INFORMATION SUPPLIED ▸
○ ○ ○ ○ ○
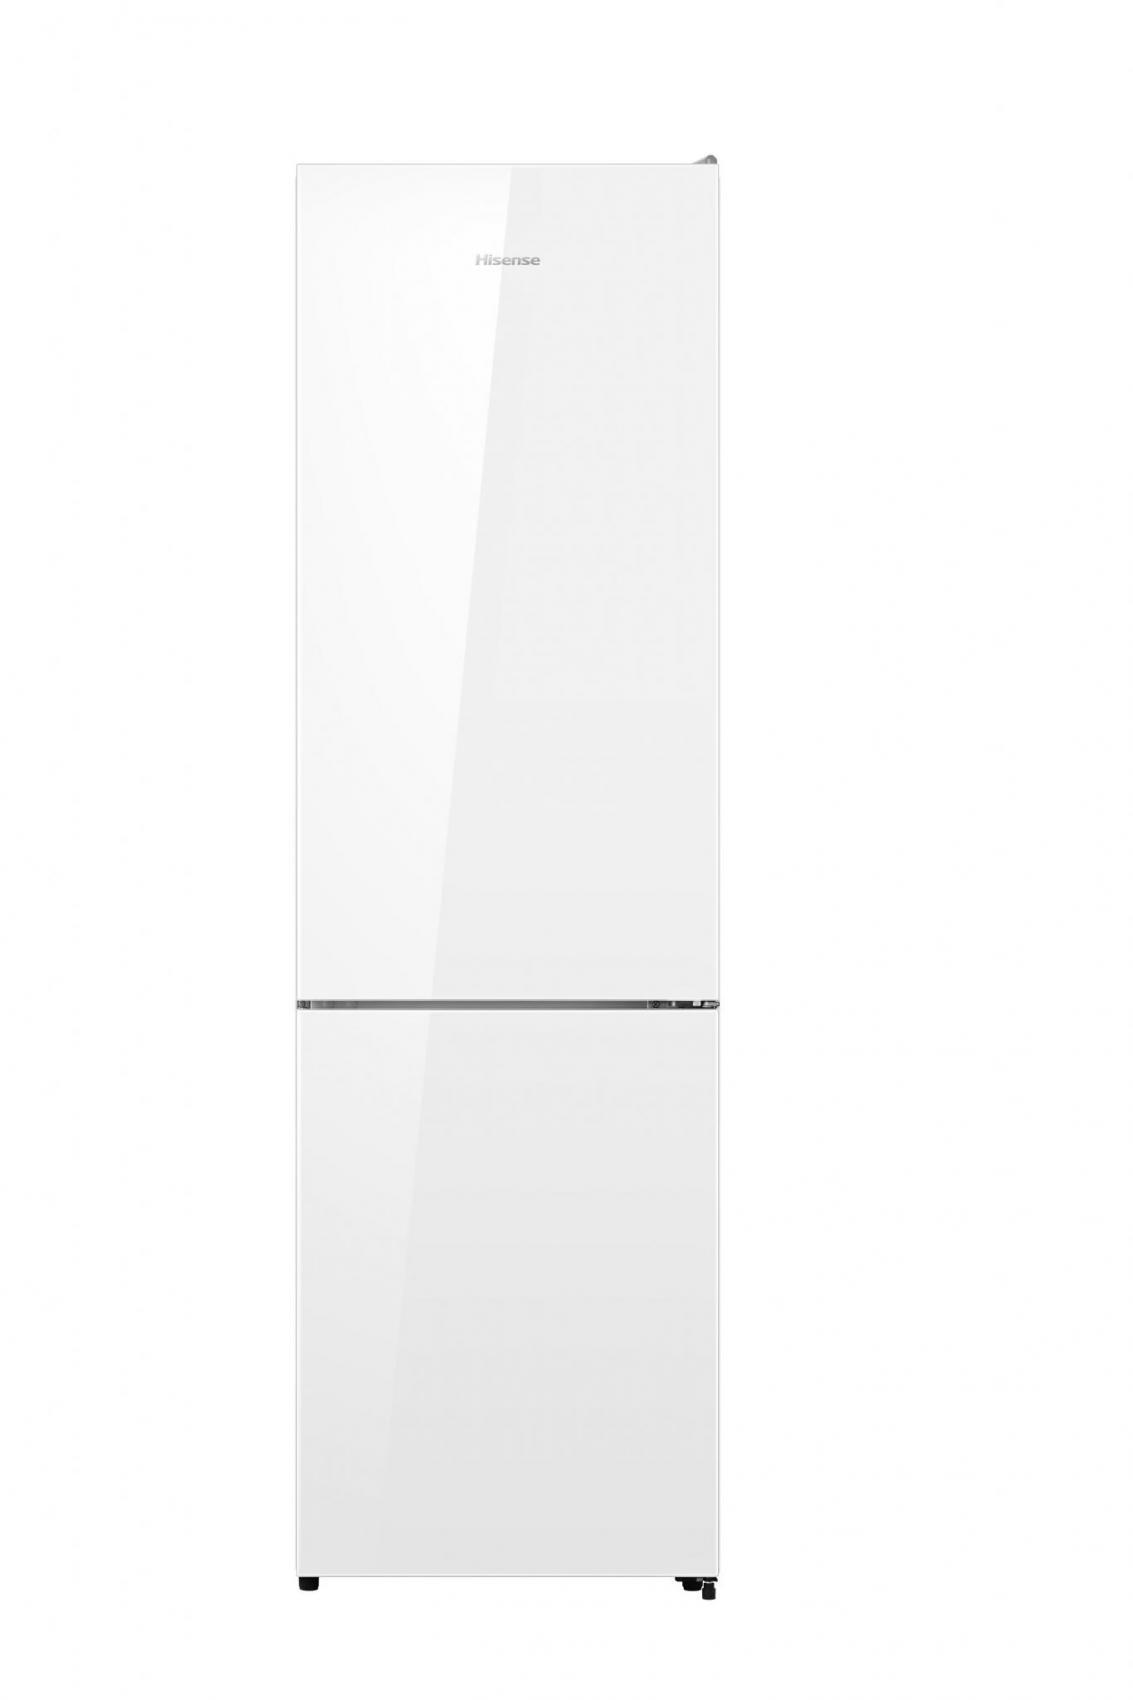 combi hisense rb438n4gx3 cristal blanco 2.00m
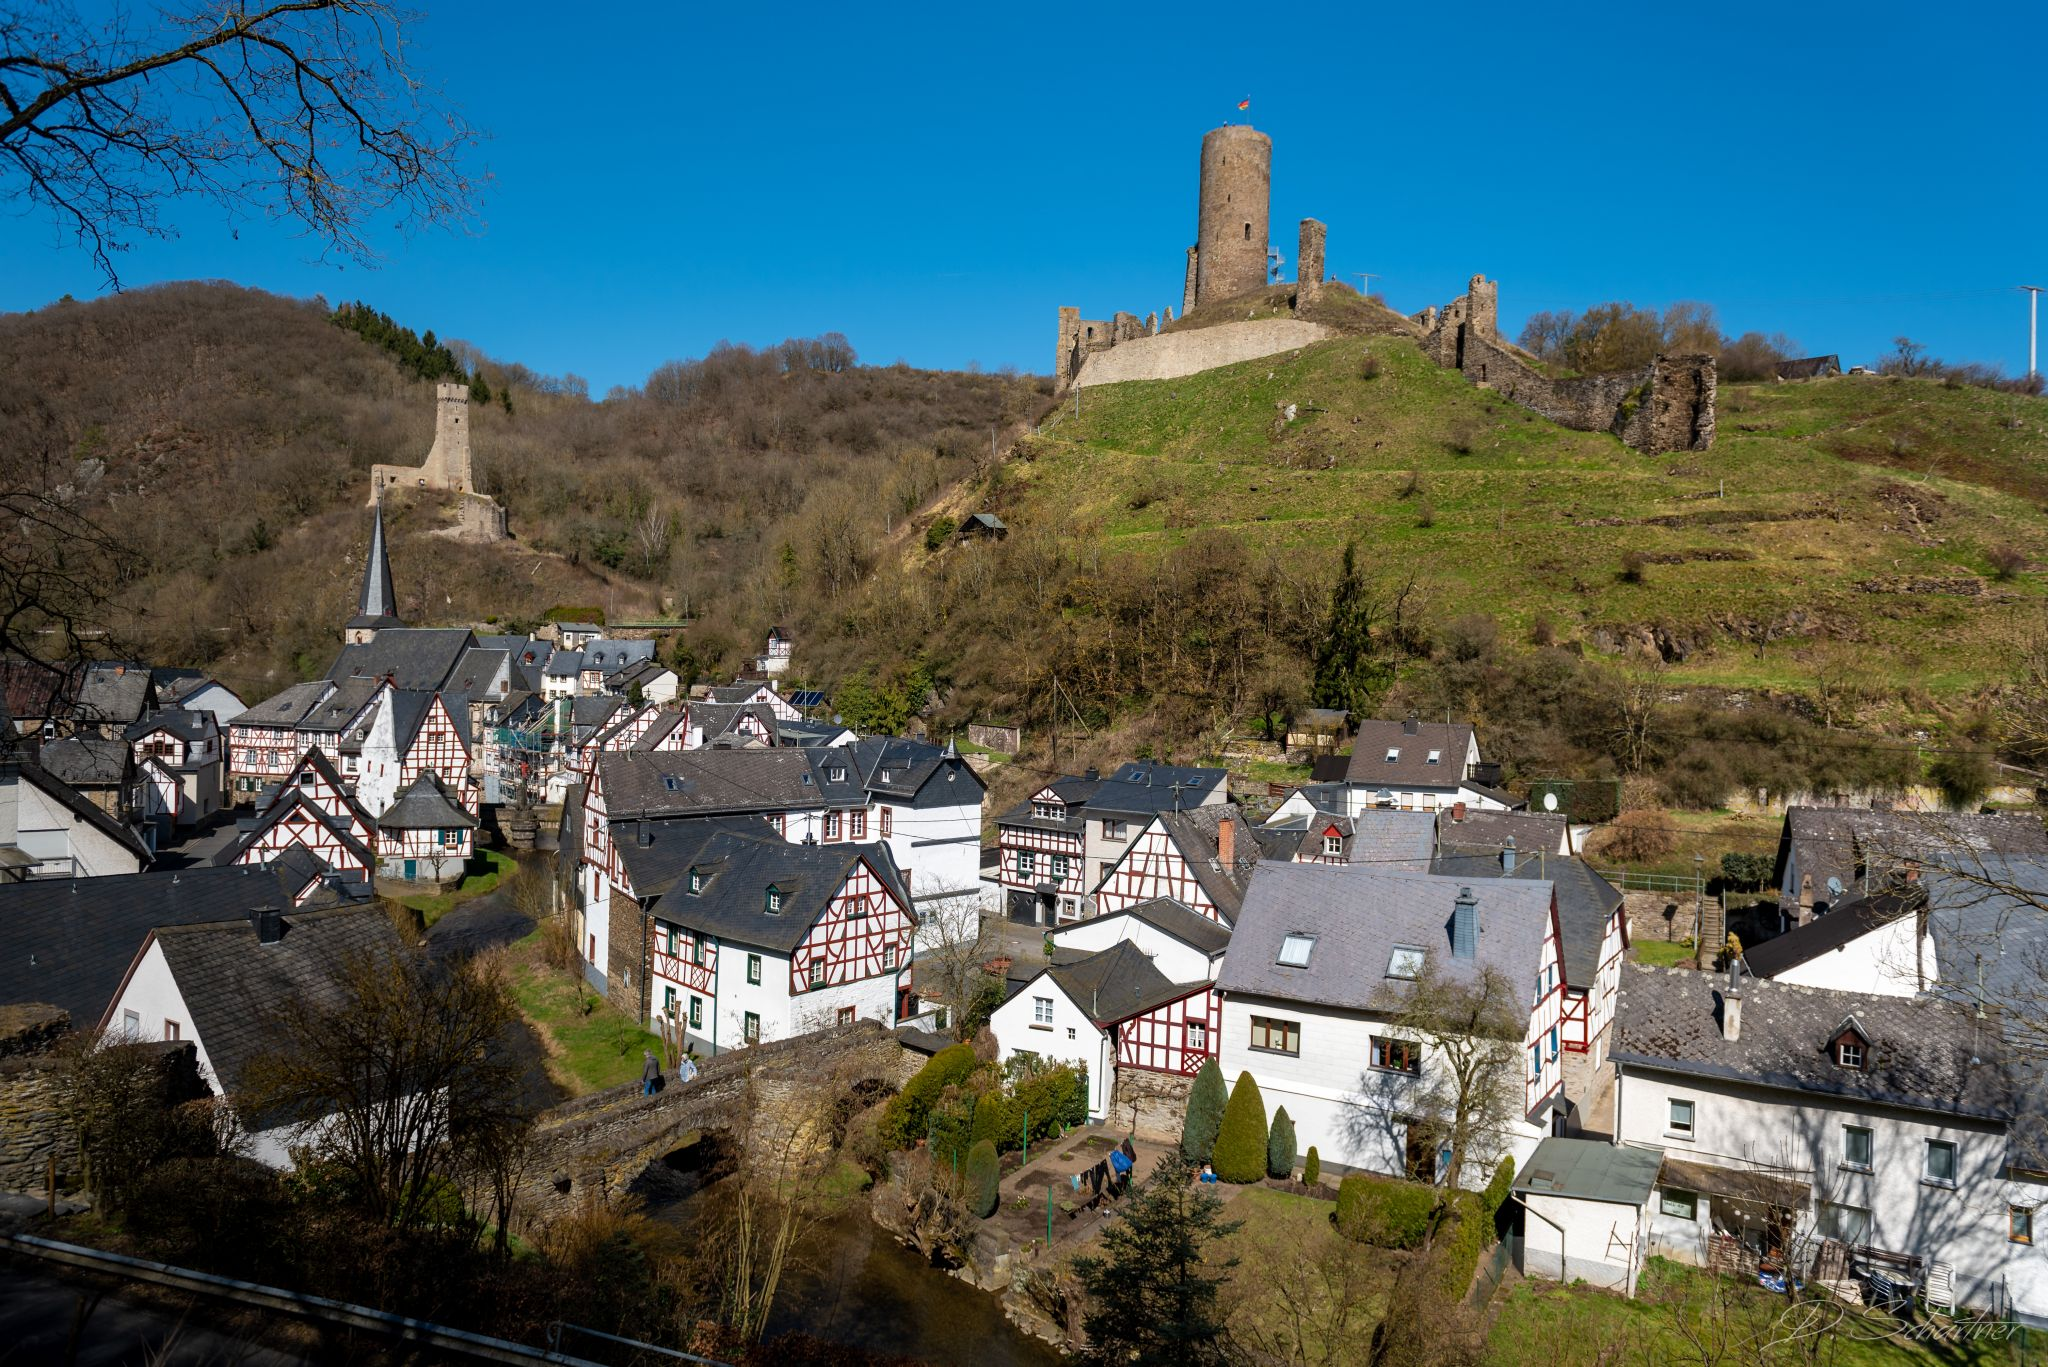 Monreal village, Germany
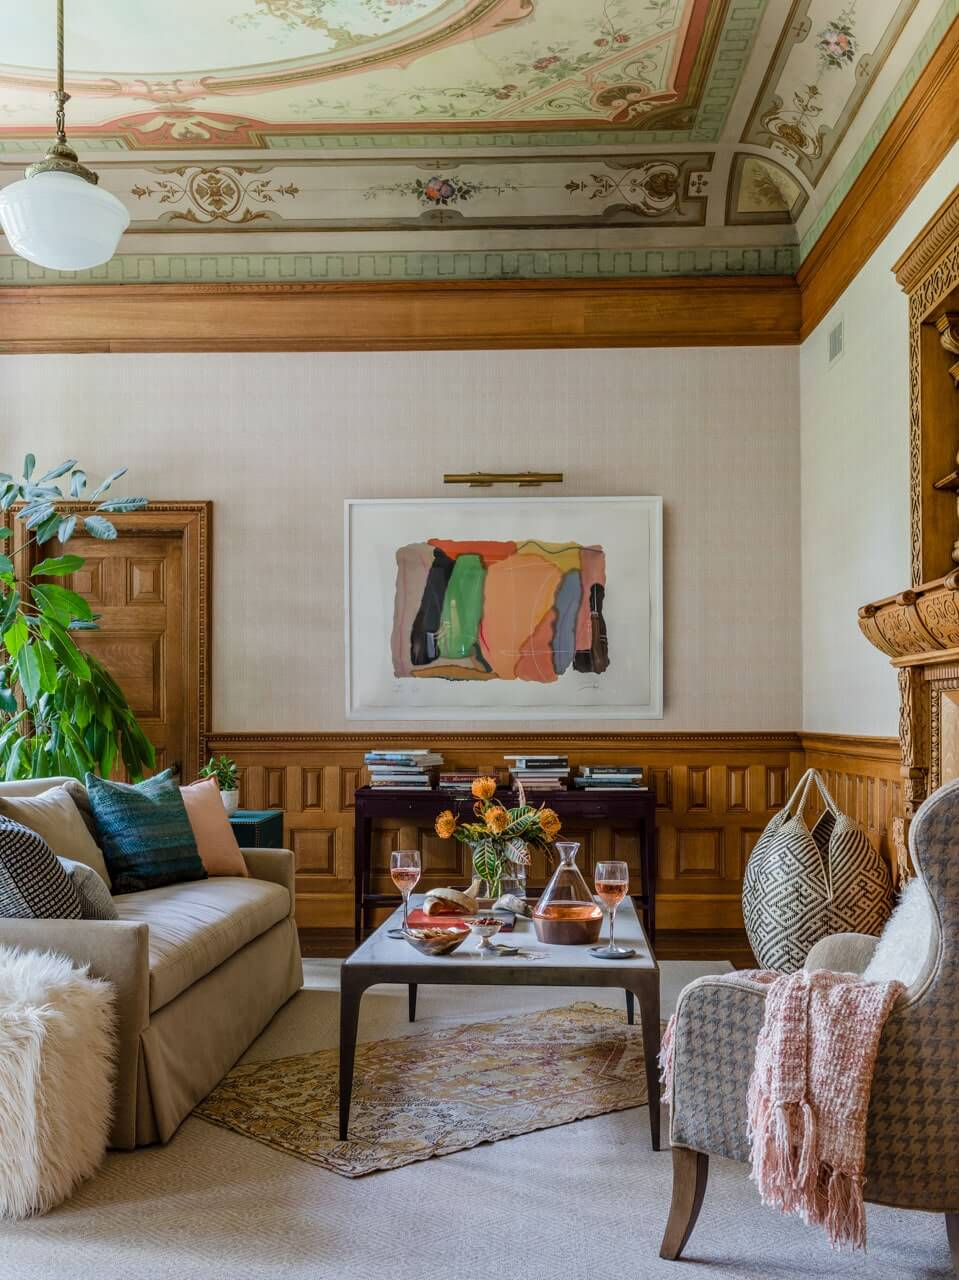 Grande Dame Queen Ann Victorian. Interior design by LeBlanc Design Interiors, Boston interior designer
○ ○ ○ ○ ○
EXERCISE DESCRIPTION ▸
Set down the line containing "Monreal village, Germany" and every line after it up to the end of the material, exactly as written, but not the pictures.

YOUR SOLUTION ▸
 Monreal village, Germany
 Grande Dame Queen Ann Victorian. Interior design by LeBlanc Design Interiors, Boston interior designer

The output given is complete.